*** MATERIAL PROVIDED ***
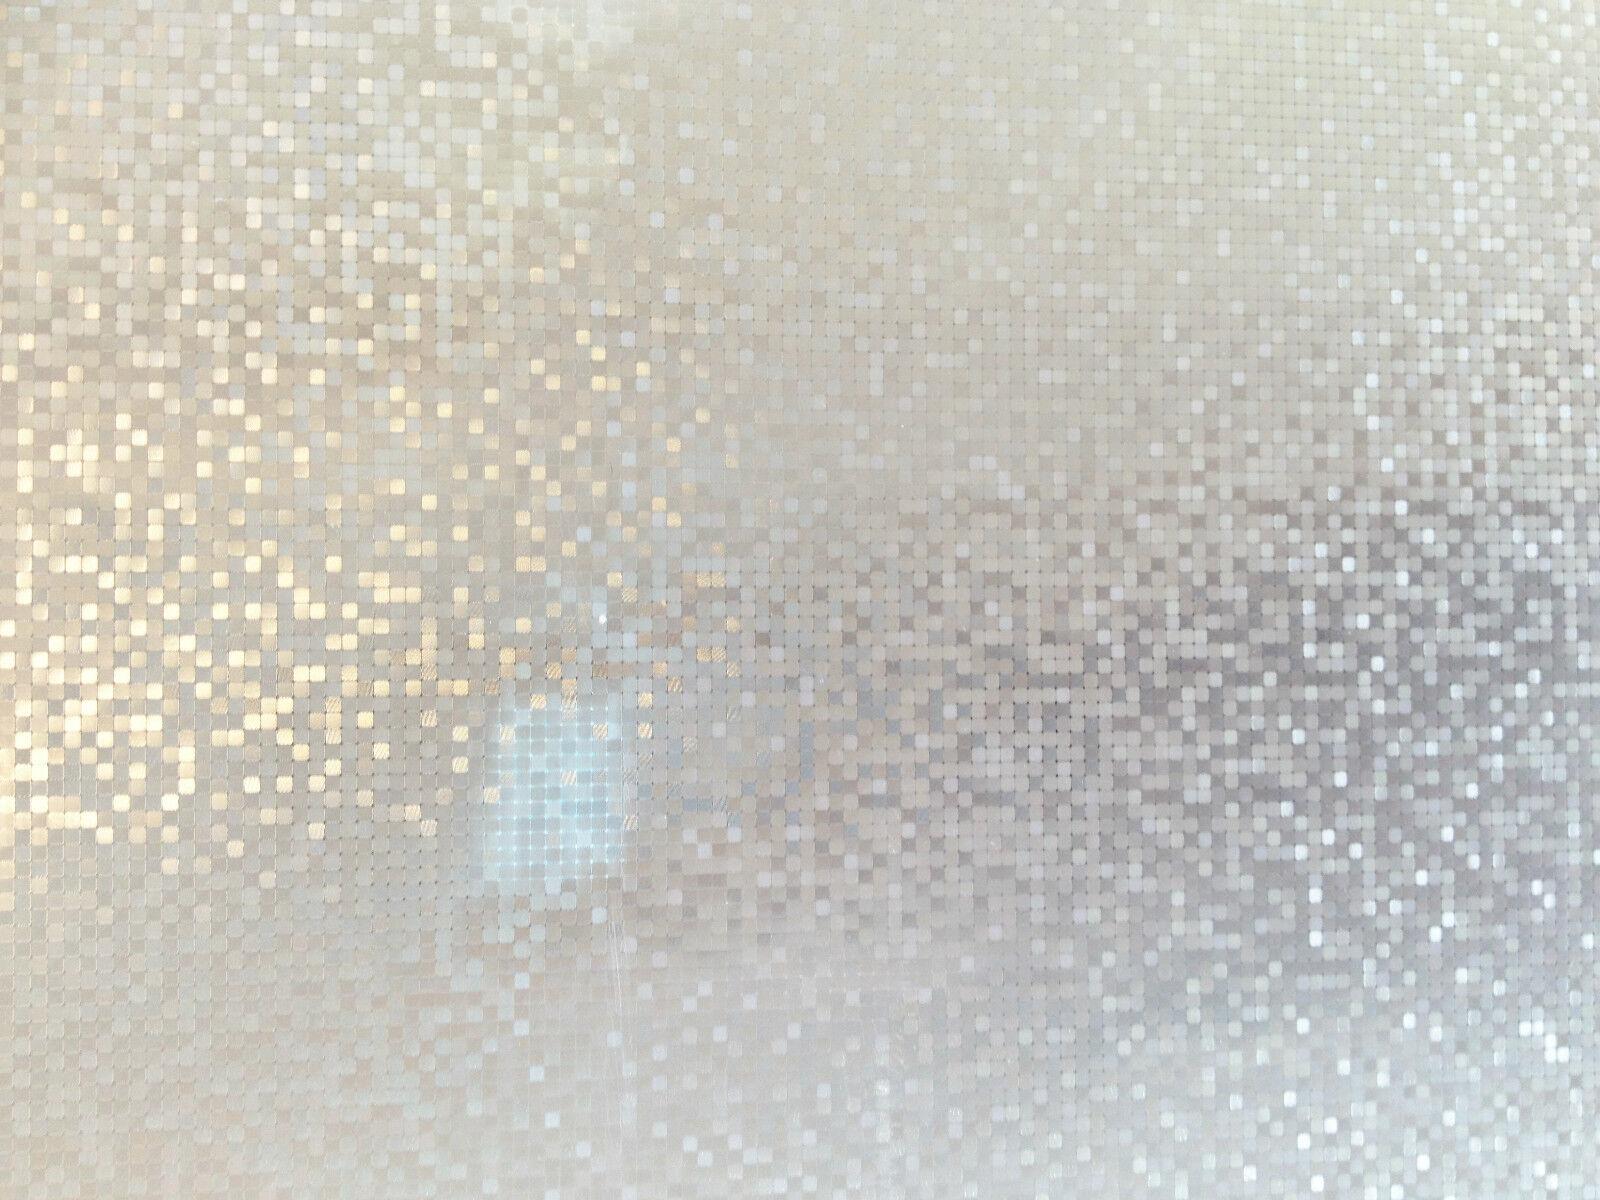 Elegante & Leggiadro VETRO SATINATO statica decorativa Vinile Privacy Finestrino Film
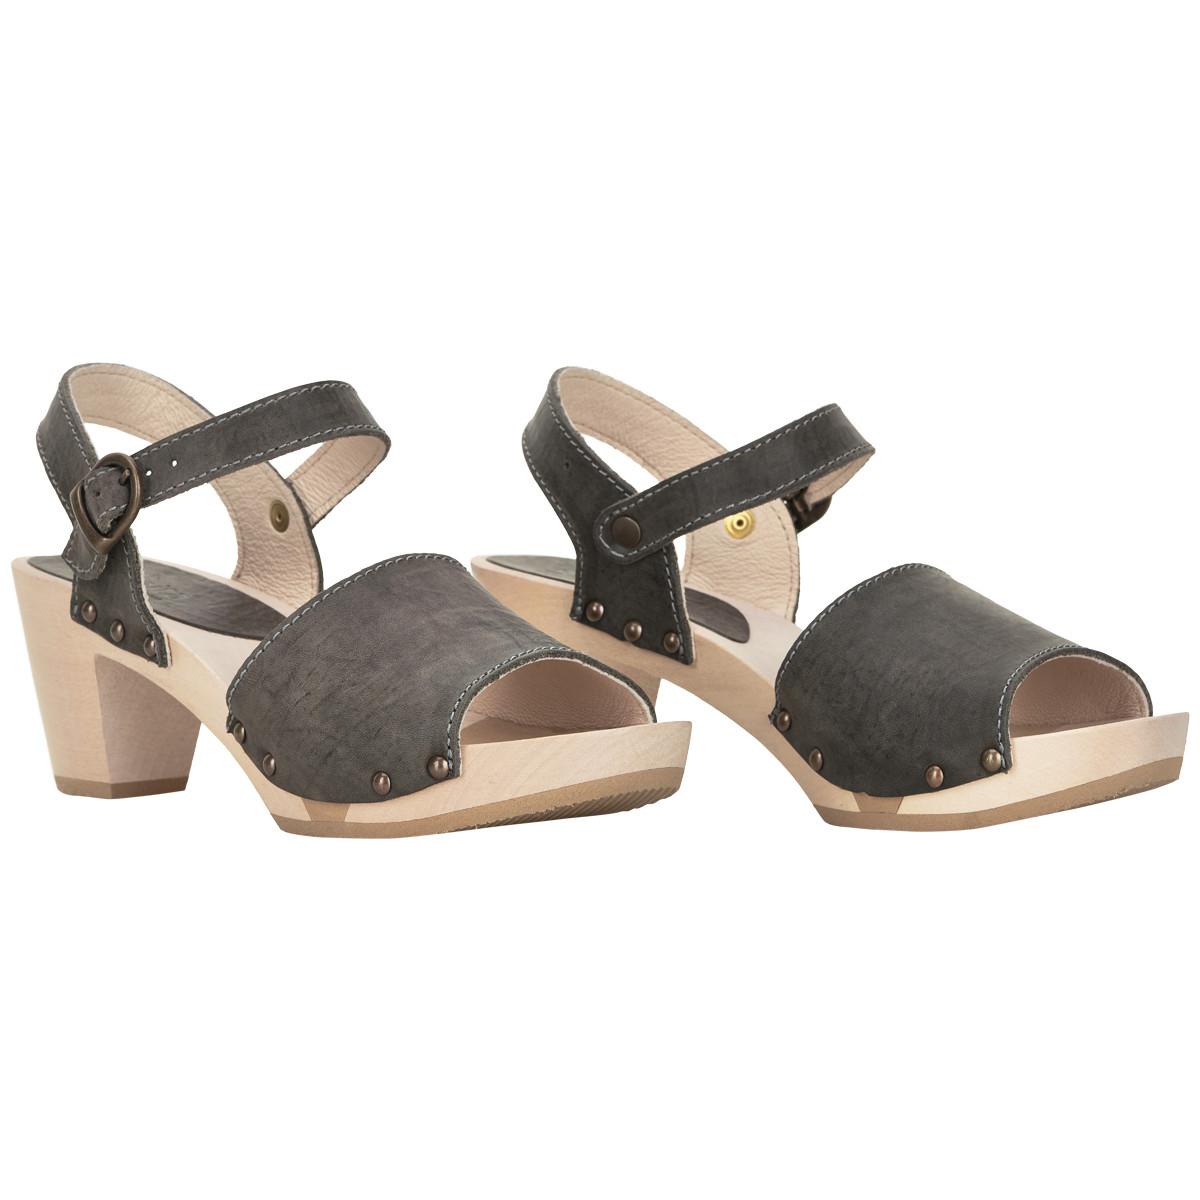 c1a8723c2b01 Sanita Vega Flex Sandal 470607 20 - Sanita
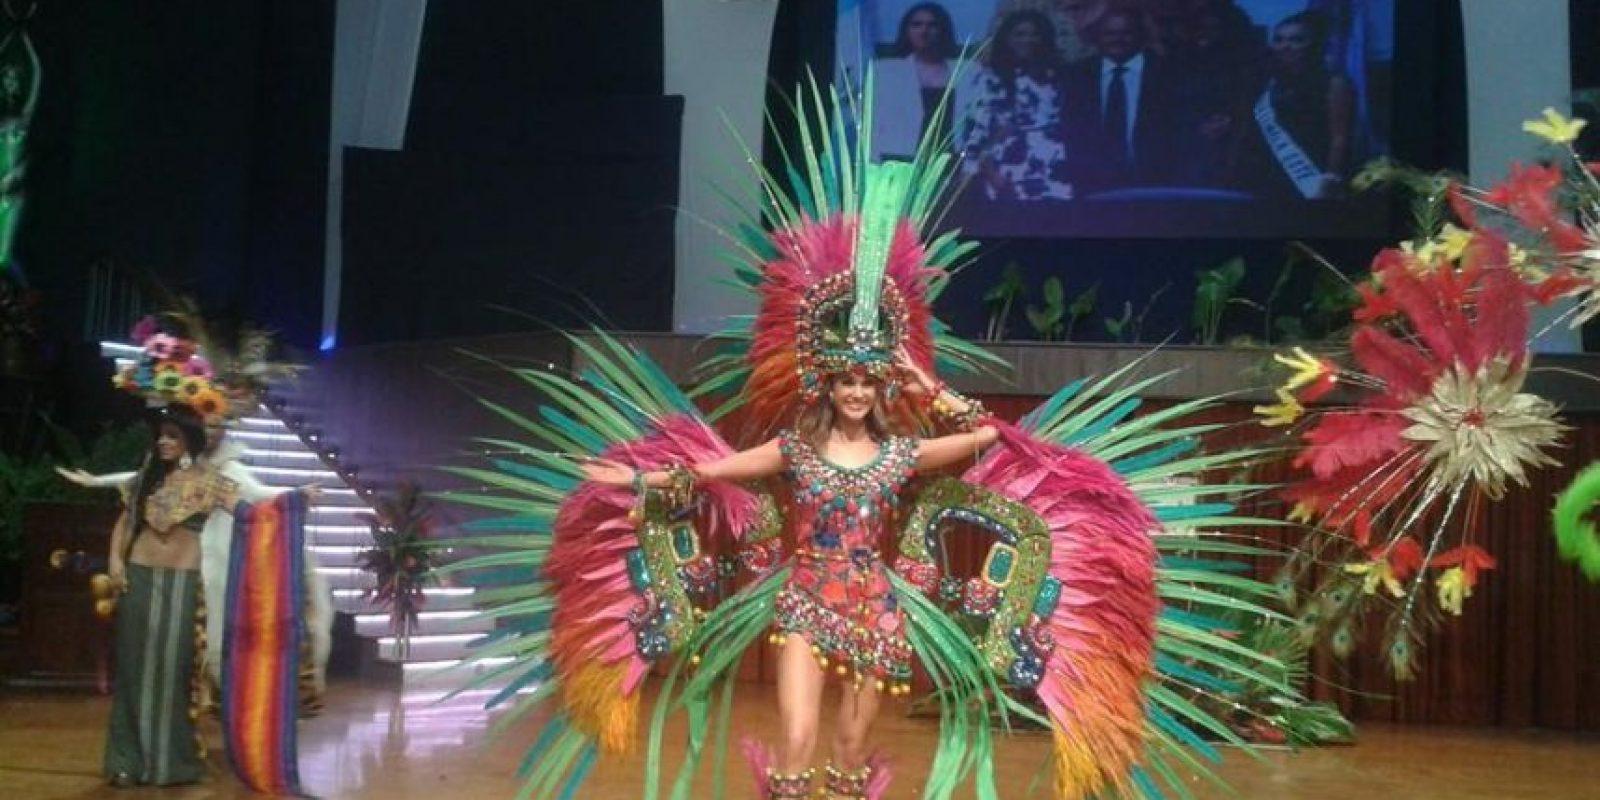 Probablemente, Ana Luisa Montufar nunca llevó tantos accesorios encima Foto:Facebook/Miss Guatemala
***
_THE PROBLEM_: Copy out the listing above in full and keep the pictures out.

_TASK OUTPUT_:
 Elegante & Leggiadro VETRO SATINATO statica decorativa Vinile Privacy Finestrino Film
 c1a8723c2b01 Sanita Vega Flex Sandal 470607 20 - Sanita
 Probablemente, Ana Luisa Montufar nunca llevó tantos accesorios encima Foto:Facebook/Miss Guatemala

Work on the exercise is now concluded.